Once upon a time, a lonely, socially awkward latch key kid started going to the library after school and she got swept away into Chinese dynsasties, golden Egyptian pyramids, a long smooth table next to rows and rows of neatly lined encyclopedias and the best librarian in the world, Mrs. Dudas.
In the library, I was afforded an escape route from the complicated chaos know as my childhood. There in the temperature controlled, quiet, I could collect my thoughts and then travel far, far away. Mrs. Dudas treated me with great dignity, diligently filing my endless requests for books from the other larger branches in our county library system.

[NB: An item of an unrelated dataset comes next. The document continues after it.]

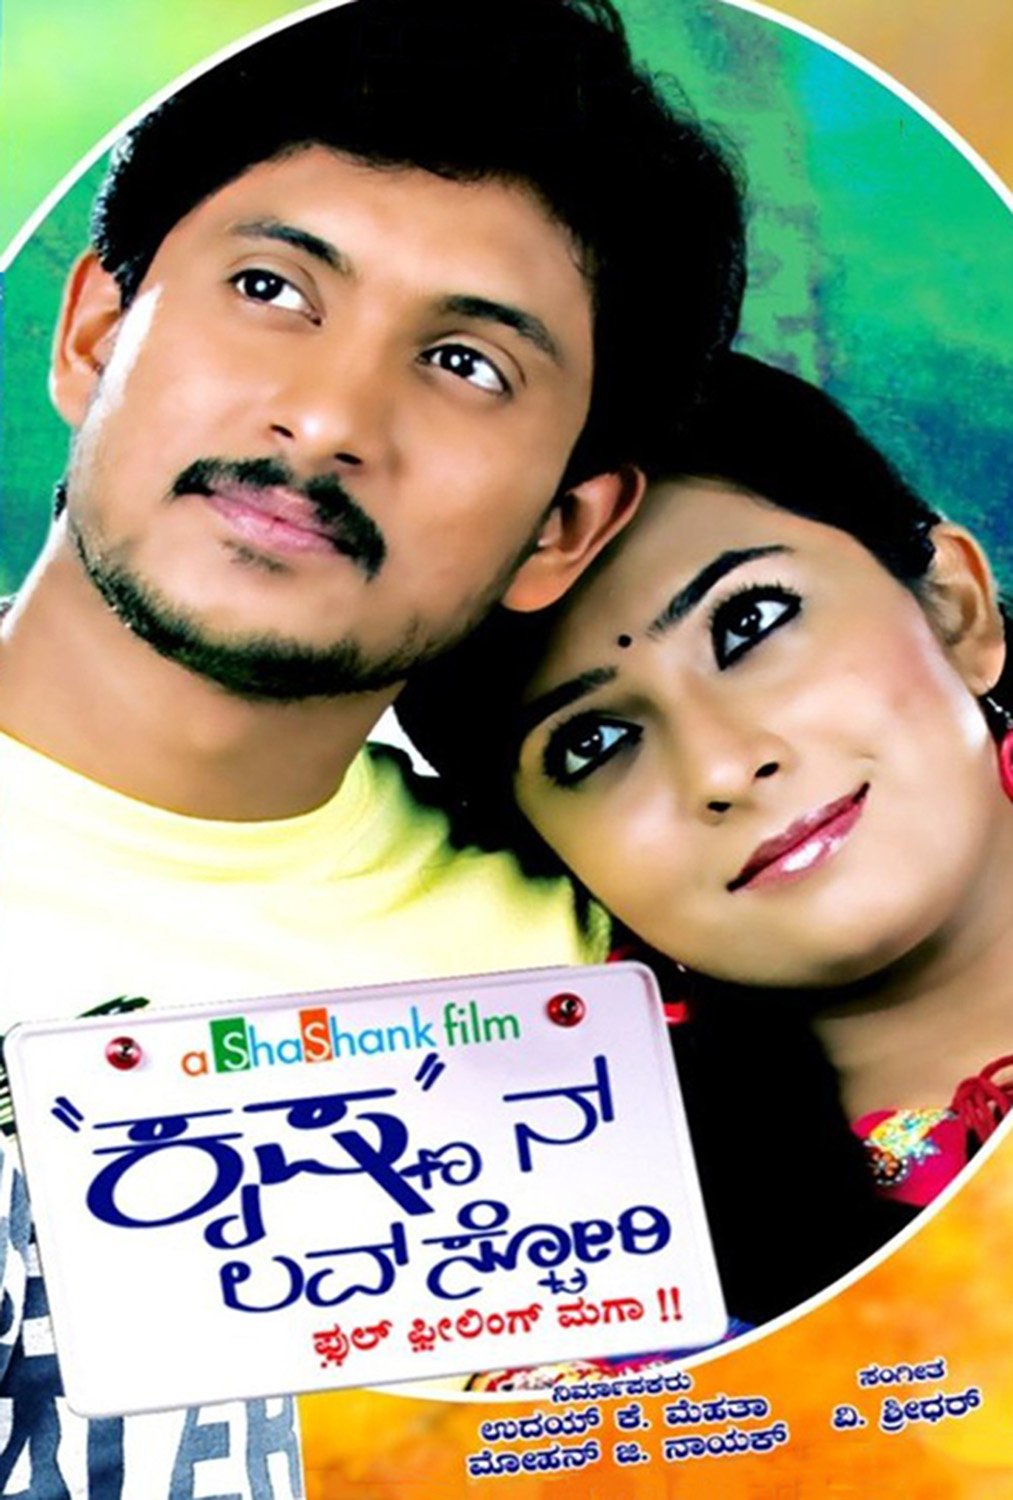 Krishnan Love Story Movie Poster
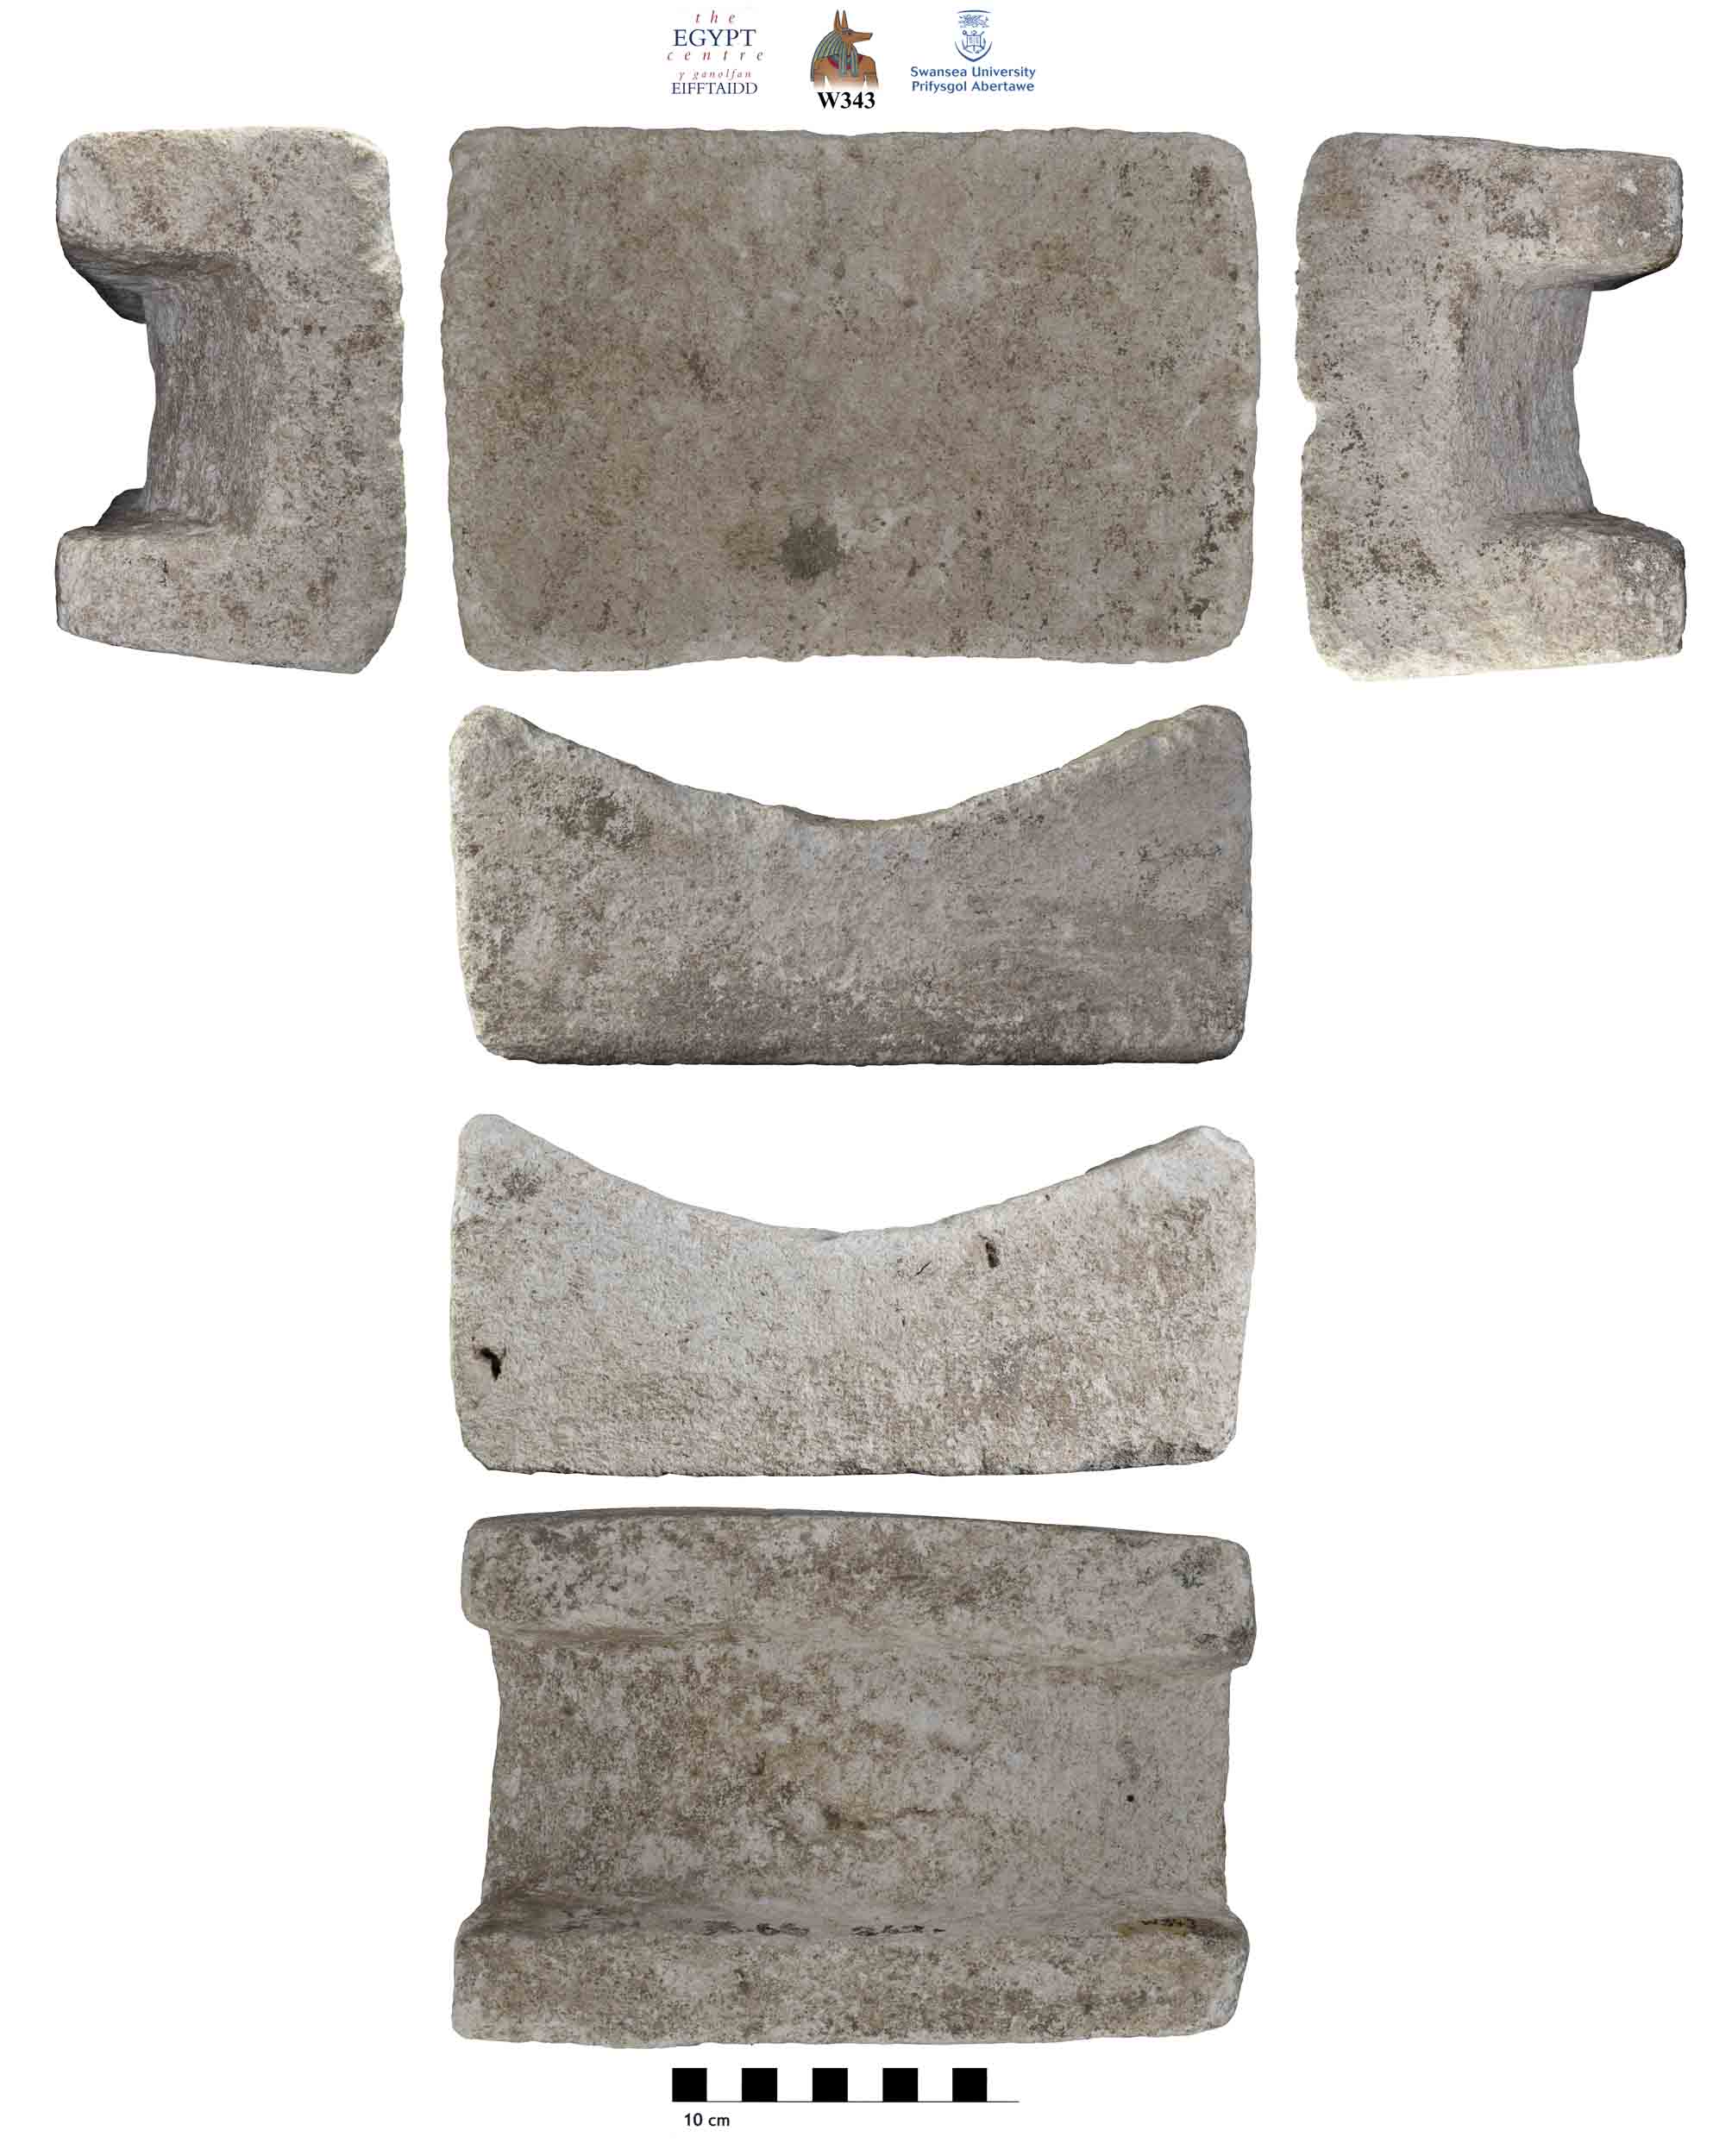 Image for: Stone stool

When I went to high school, I upgraded to the school and that larger town's library and left my tiny home town library behind. Today, I pay for the privelege to use one of the larger fancy neighboring town's library and the county system. Our town doesn't participate in the county system and it doesn't seem so big and exciting since I'm not in high school anymore.
I try to get to the library once a week. Sometimes I have a specific topic or author in mind, tonight I was looking for Indian cookbooks to research ideas for a dinner party I'm catering in a few weeks. Most times, I just walk in and empty my mind, just like when I was a kid. I especially like to look at the racks of books other people have just returned and are waiting to be shelved. I'll often select something unexpected from those racks like a biography on Emily Dickinson that I read a few weeks ago. I wonder which books get read the most and which ones the least. Which hidden gems are there to find? Like the Shirley Jackson short stories I read over the summer.
I'm not sure why the library has this power over me, to stop me from thinking about my problems and unbelievably long to-do lists.
I'm definitely grateful it does though. I just wish Mrs. Dudas was still here to be my trusty librarian.